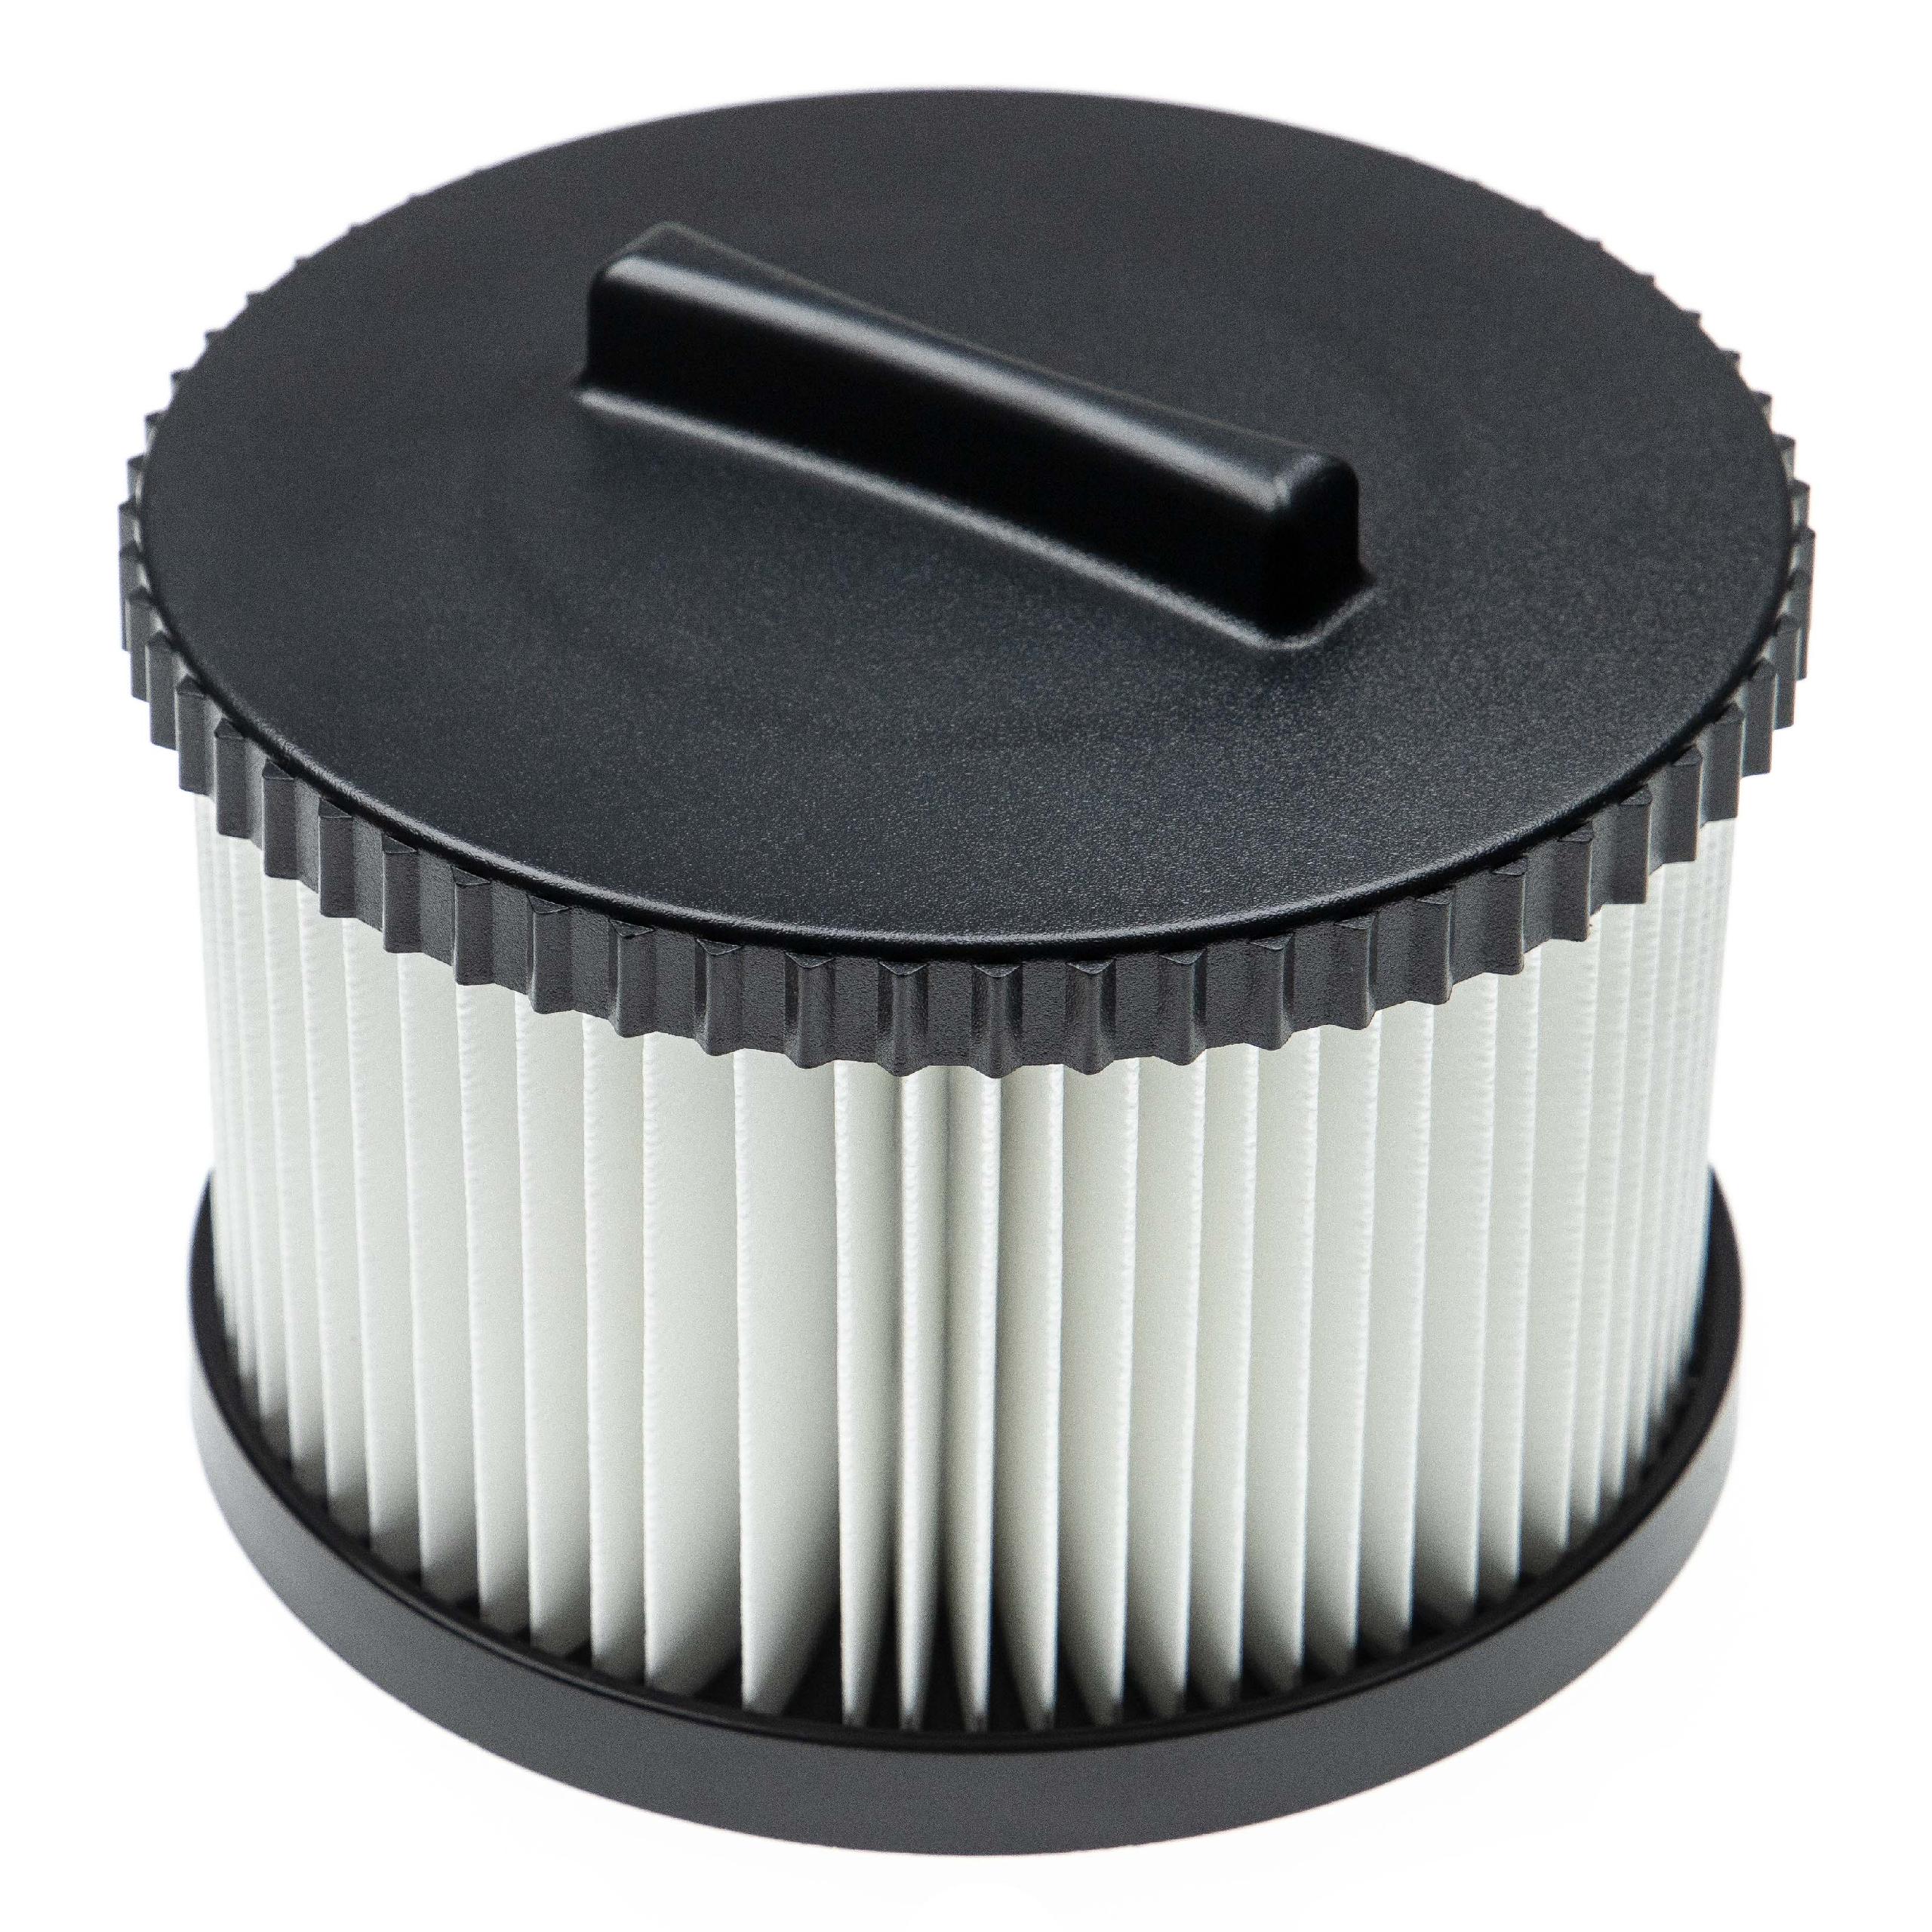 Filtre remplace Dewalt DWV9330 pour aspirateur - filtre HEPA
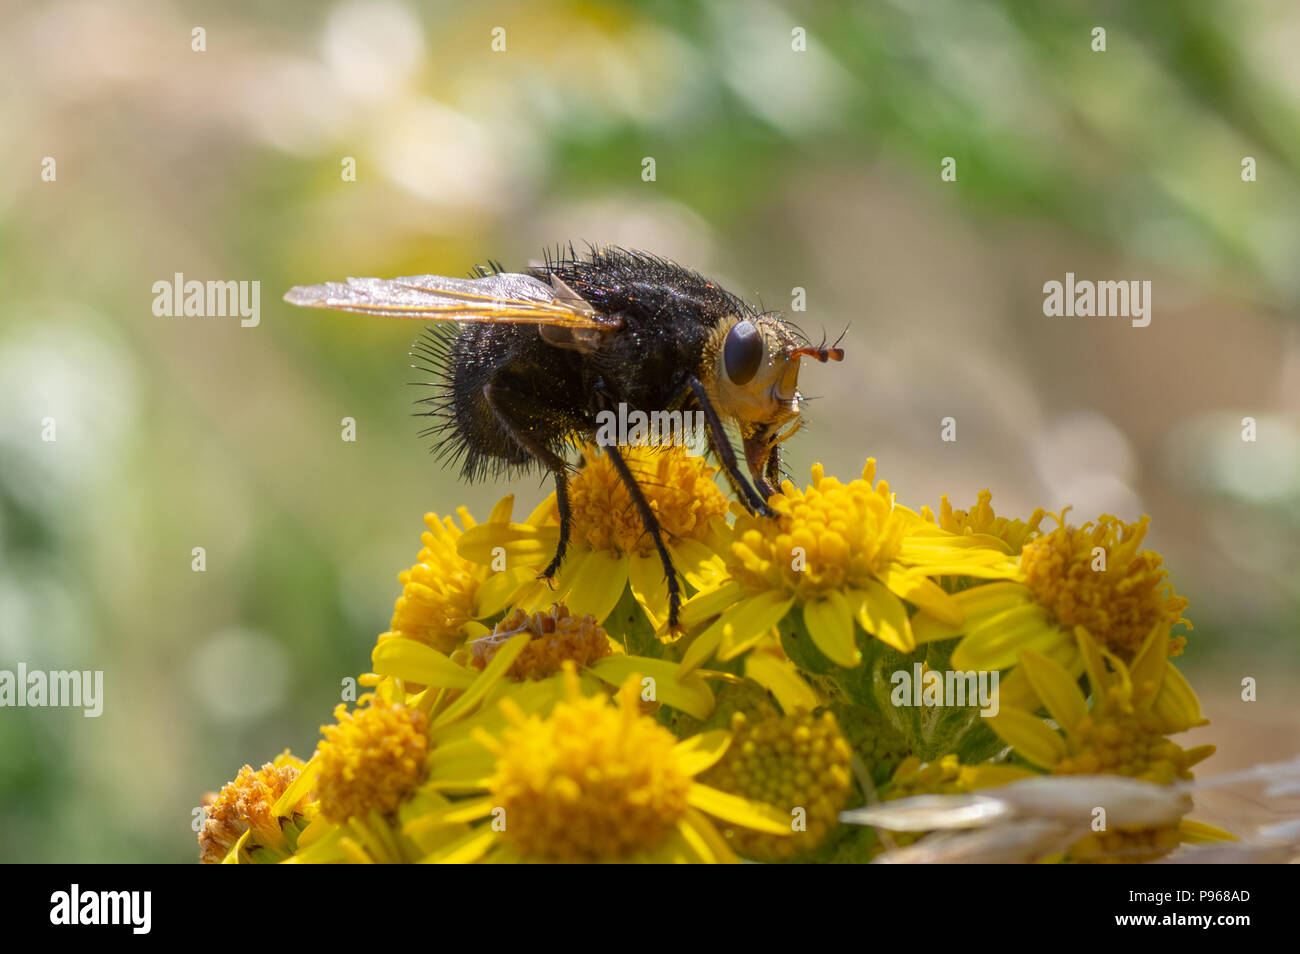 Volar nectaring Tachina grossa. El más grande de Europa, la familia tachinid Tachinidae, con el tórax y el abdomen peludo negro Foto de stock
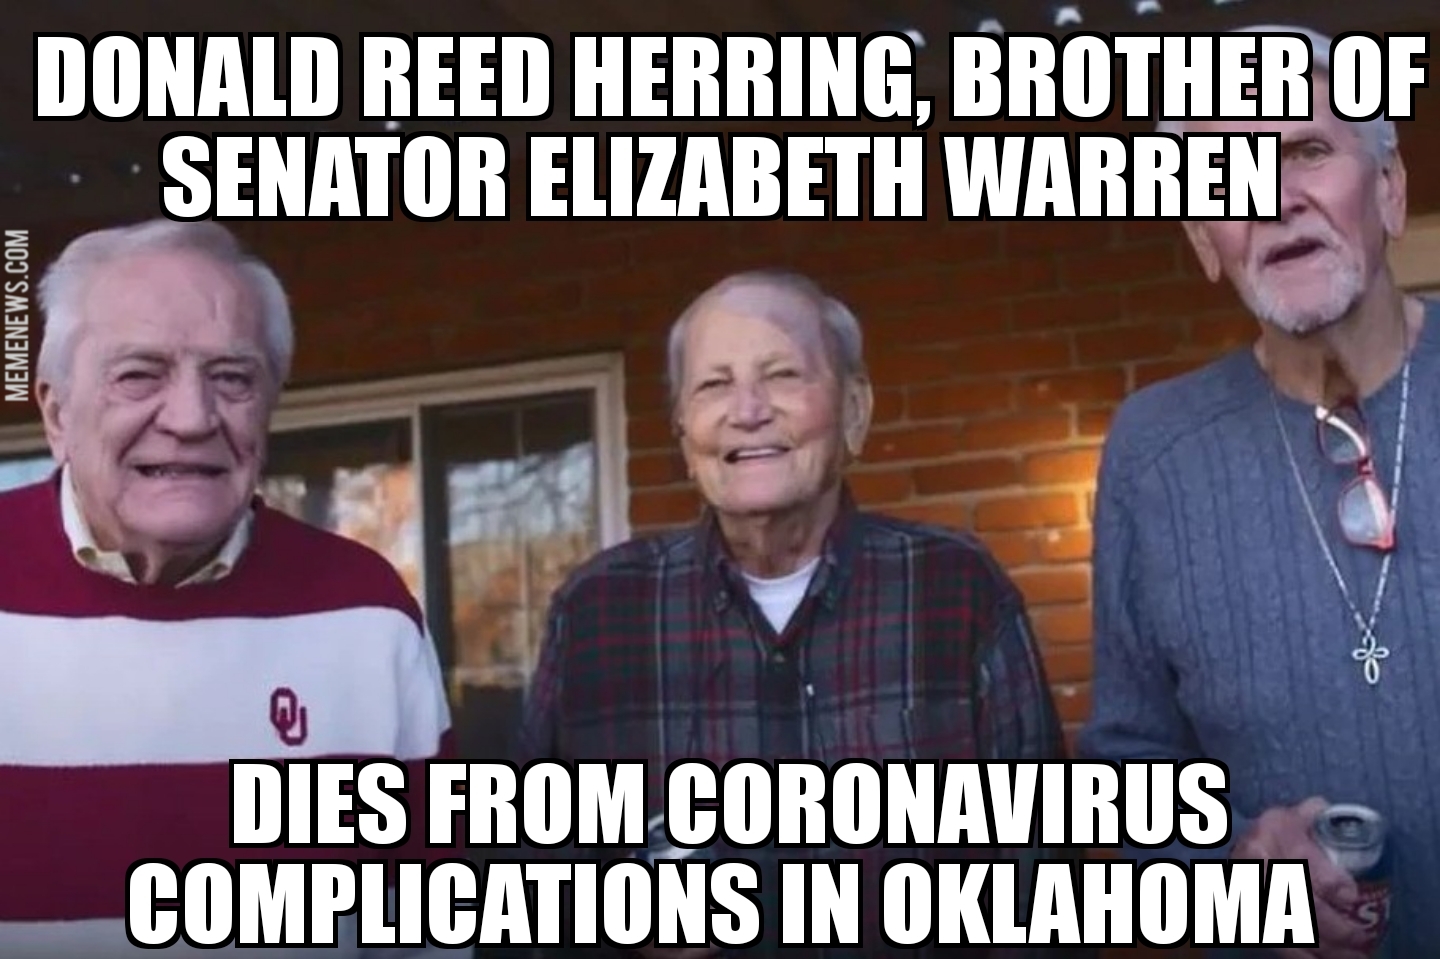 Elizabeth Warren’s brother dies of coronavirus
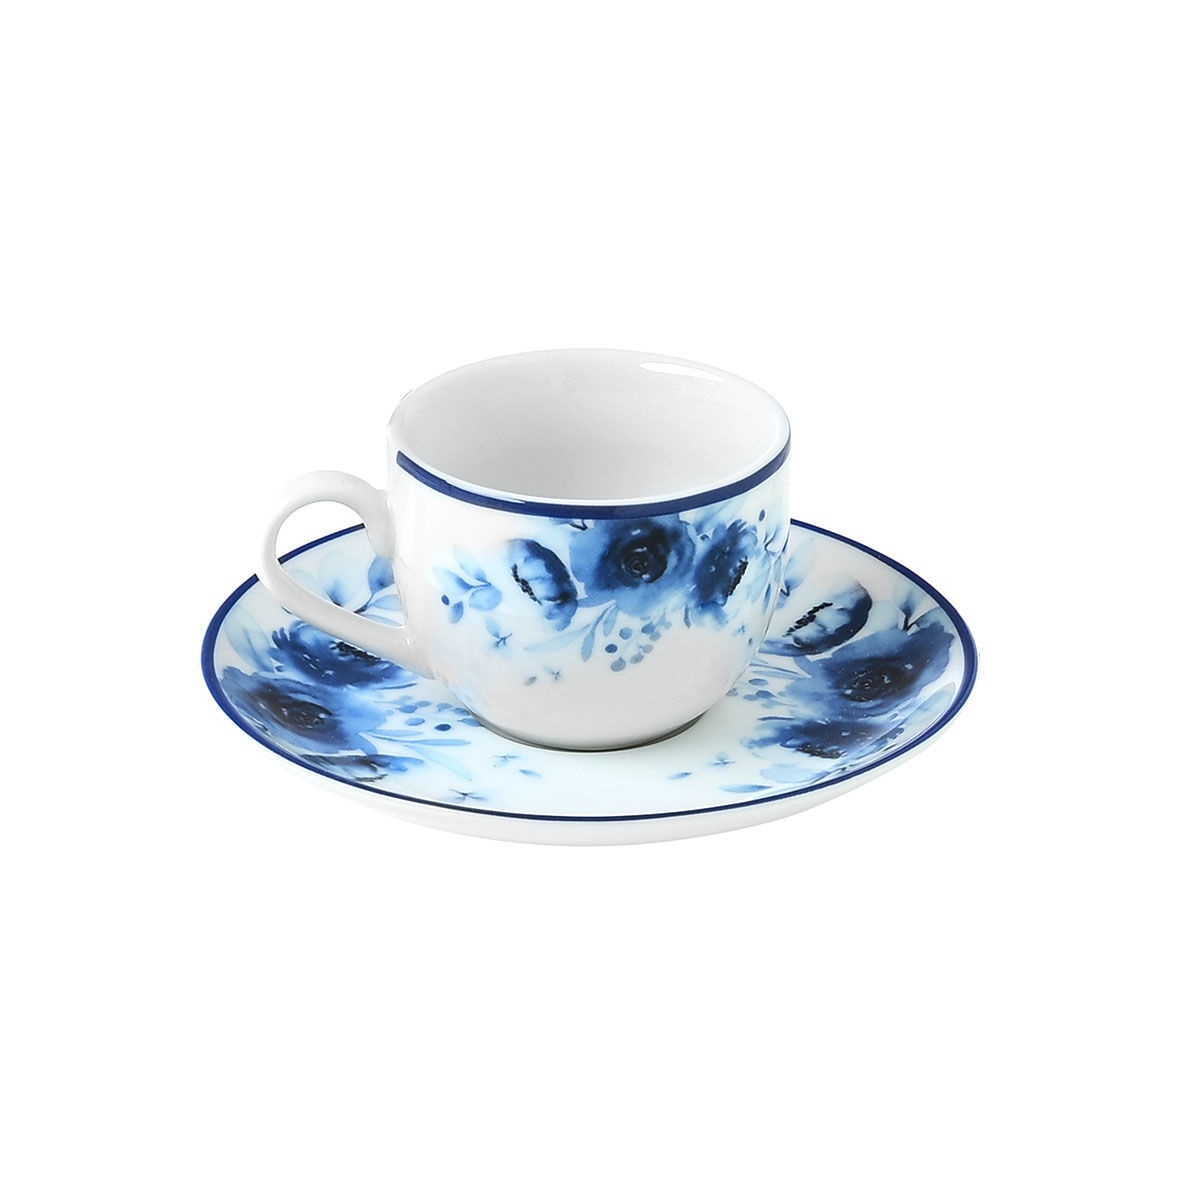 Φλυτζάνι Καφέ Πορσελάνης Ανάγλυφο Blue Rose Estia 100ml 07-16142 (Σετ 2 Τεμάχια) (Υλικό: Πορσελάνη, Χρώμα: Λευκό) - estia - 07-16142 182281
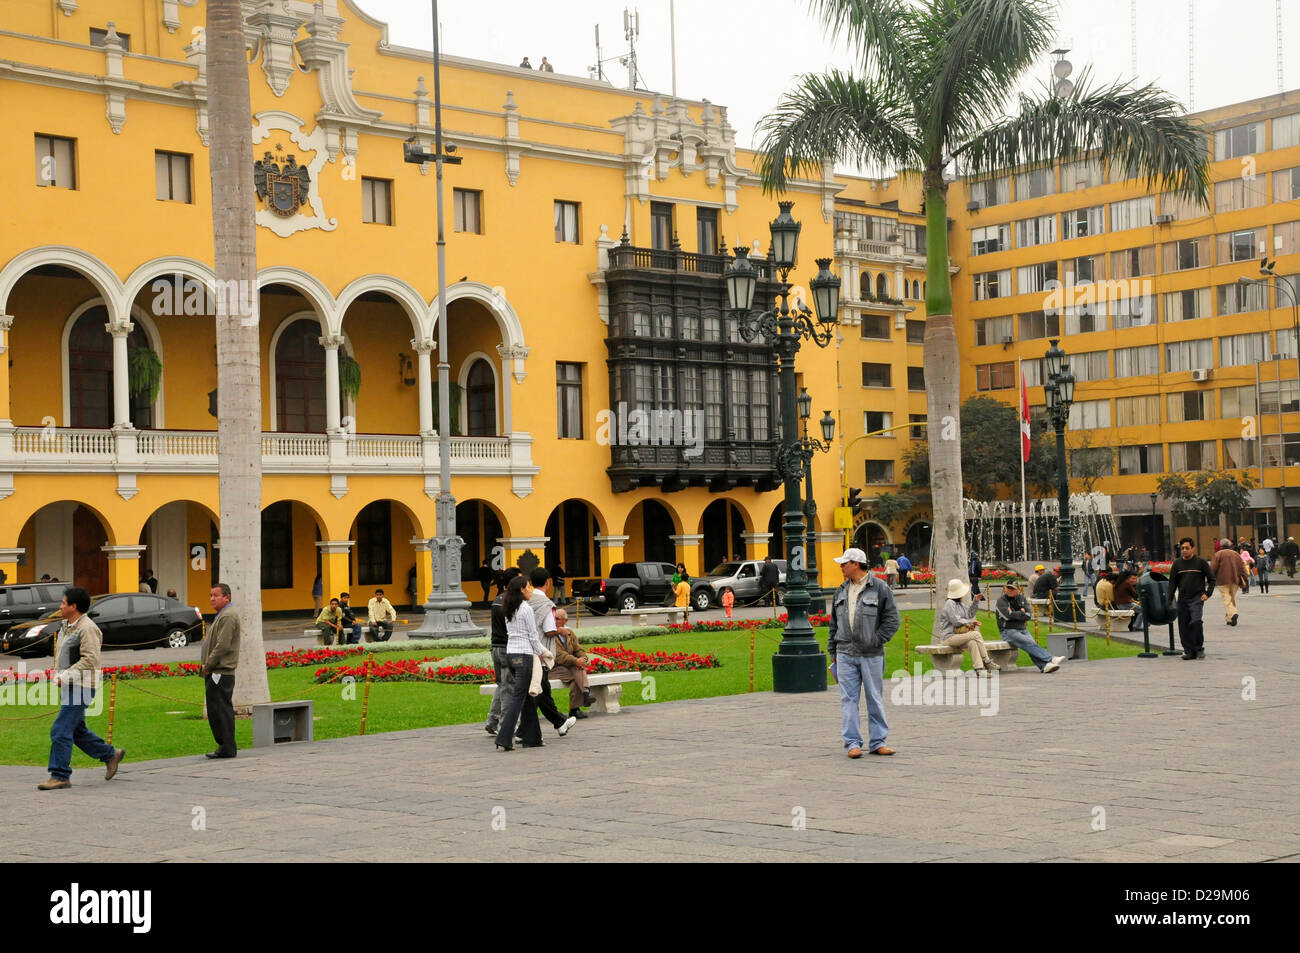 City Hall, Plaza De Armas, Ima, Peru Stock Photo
★ ★ ★ ★ ★
** Task directions **
Exact reproduction of the entries above is what's needed; images stay out.

** Response box **
 Filtre remplace Dewalt DWV9330 pour aspirateur - filtre HEPA
 Volar nectaring Tachina grossa. El más grande de Europa, la familia tachinid Tachinidae, con el tórax y el abdomen peludo negro Foto de stock
 Elizabeth Warren’s brother dies of coronavirus
 Φλυτζάνι Καφέ Πορσελάνης Ανάγλυφο Blue Rose Estia 100ml 07-16142 (Σετ 2 Τεμάχια) (Υλικό: Πορσελάνη, Χρώμα: Λευκό) - estia - 07-16142 182281
 City Hall, Plaza De Armas, Ima, Peru Stock Photo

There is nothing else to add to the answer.